As the media investigation focused on Osama bin Laden, news outlets still
provided little information about what fuels his
fanaticism. Instead of a serious inquiry into anti-U.S. sentiment in the
Middle East and elsewhere, many commentators media
offered little more than self-congratulatory rhetoric:

      "[The World Trade Center and the Pentagon] have drawn, like gathered
lightning, the anger of the enemies of
      civilization. Those enemies are always out there.... Americans are
slow to anger but mighty when angry, and their
      proper anger now should be alloyed with pride. They are targets
because of their virtues--principally democracy, and
      loyalty to those nations which, like Israel, are embattled salients
of our virtues in a still-dangerous world."
      --George Will (Washington Post, 9/12/01)

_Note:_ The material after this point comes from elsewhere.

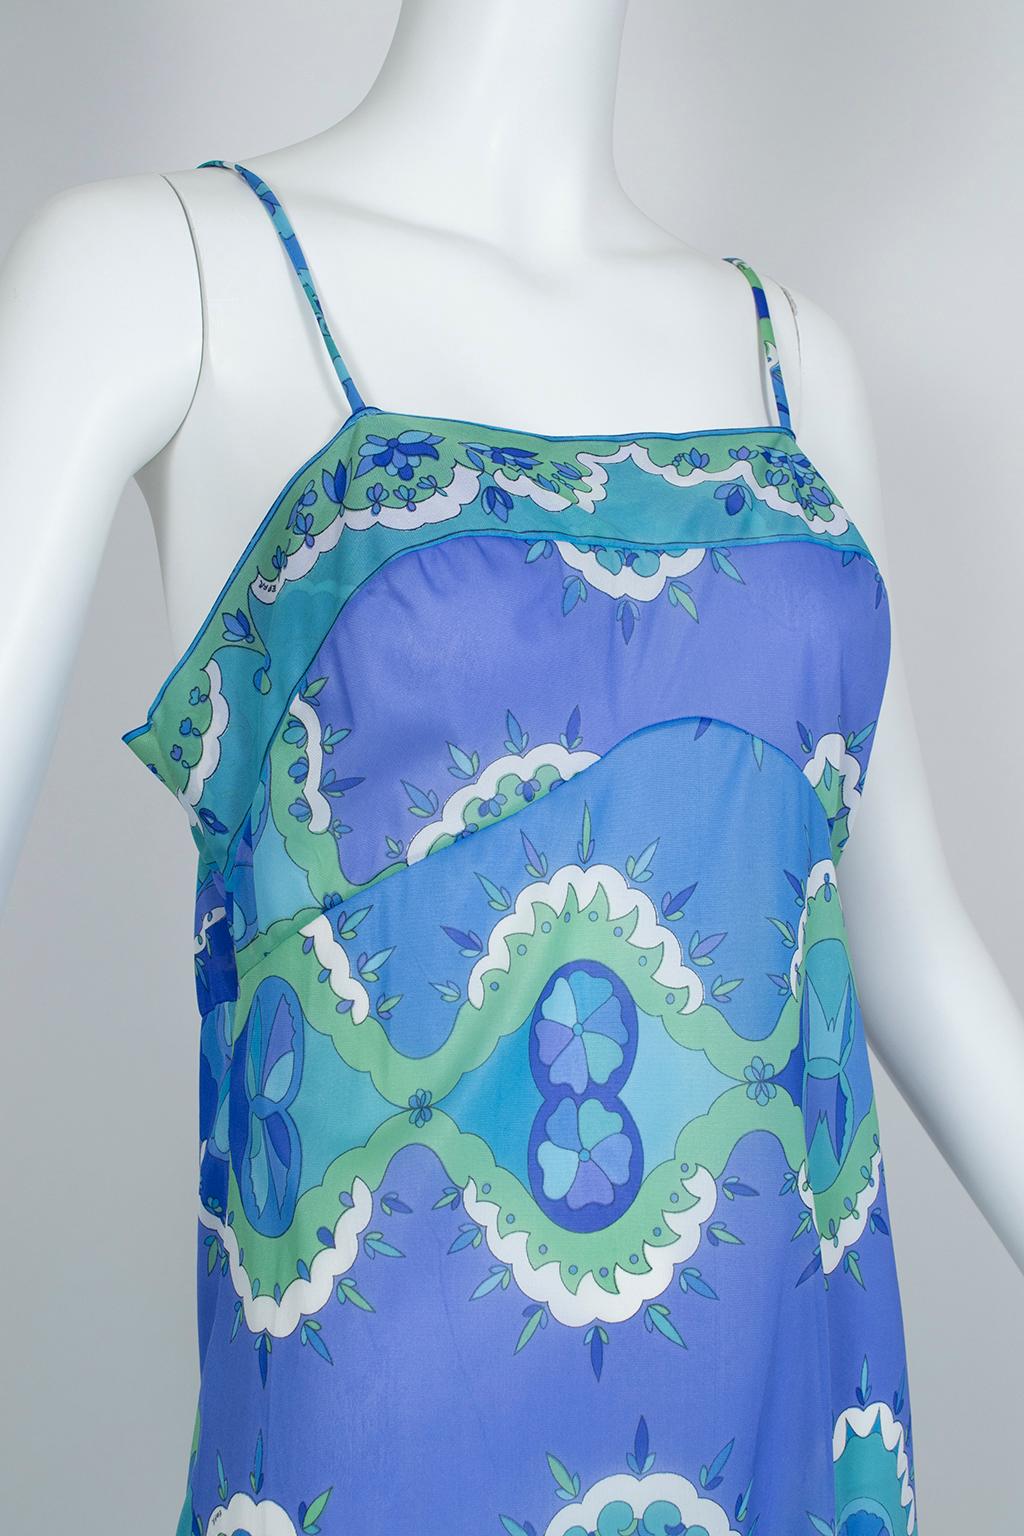 Women's Emilio Pucci Formfit Rogers Blue Palette Negligée Slip Mini Dress - Small, 1960s

      "This nation symbolizes freedom, strength, tolerance, and democratic
principles dedicated to both liberty and peace.
      To the tyrants, the despots, the closed societies, there are no
alterations to the policies, no gestures we can make, no
      words we can say that will convince those determined to continue
their hate."
      --Charles G. Boyd (Washington Post, 9/12/01)

      "Are Americans afraid to face the reality that there is a significant
portion of this world's population that hates
      America, hates what freedom represents, hates the fact that we fight
for freedom worldwide, hates our prosperity,
      hates our way of life? Have we been unwilling to face that very
difficult reality?"
      --Sean Hannity (Fox News Channel, 9/13/01)

      "Our principled defense of individual freedom and our reluctance to
intervene in the affairs of states harboring
      terrorists makes us an easy target."
      --Robert McFarlane (Washington Post, 9/13/01)

One exception was ABC's Jim Wooten (World News Tonight, 9/12/01), who tried
to shed some light on what might motivate
some anti-U.S. sentiment in the Middle East, reporting that "Arabs see the
U.S. as an accomplice of Israel, a partner in what they
believe is the ruthless repression of Palestinian aspirations for land and
independence." Wooten continued: "The most provocative
issues: Israel's control over Islamic holy sites in Jerusalem; the
stationing of U.S. troops in Saudi Arabia near some of Islam's
holiest sites; and economic sanctions against Iraq, which have been seen to
deprive children there of medicine and food."

Stories like Wooten's, which examine the U.S.'s highly contentious role in
the Middle East and illuminate some of the forces that
can give rise to violent extremism, contribute far more to public security
than do pundits calling for indiscriminate revenge.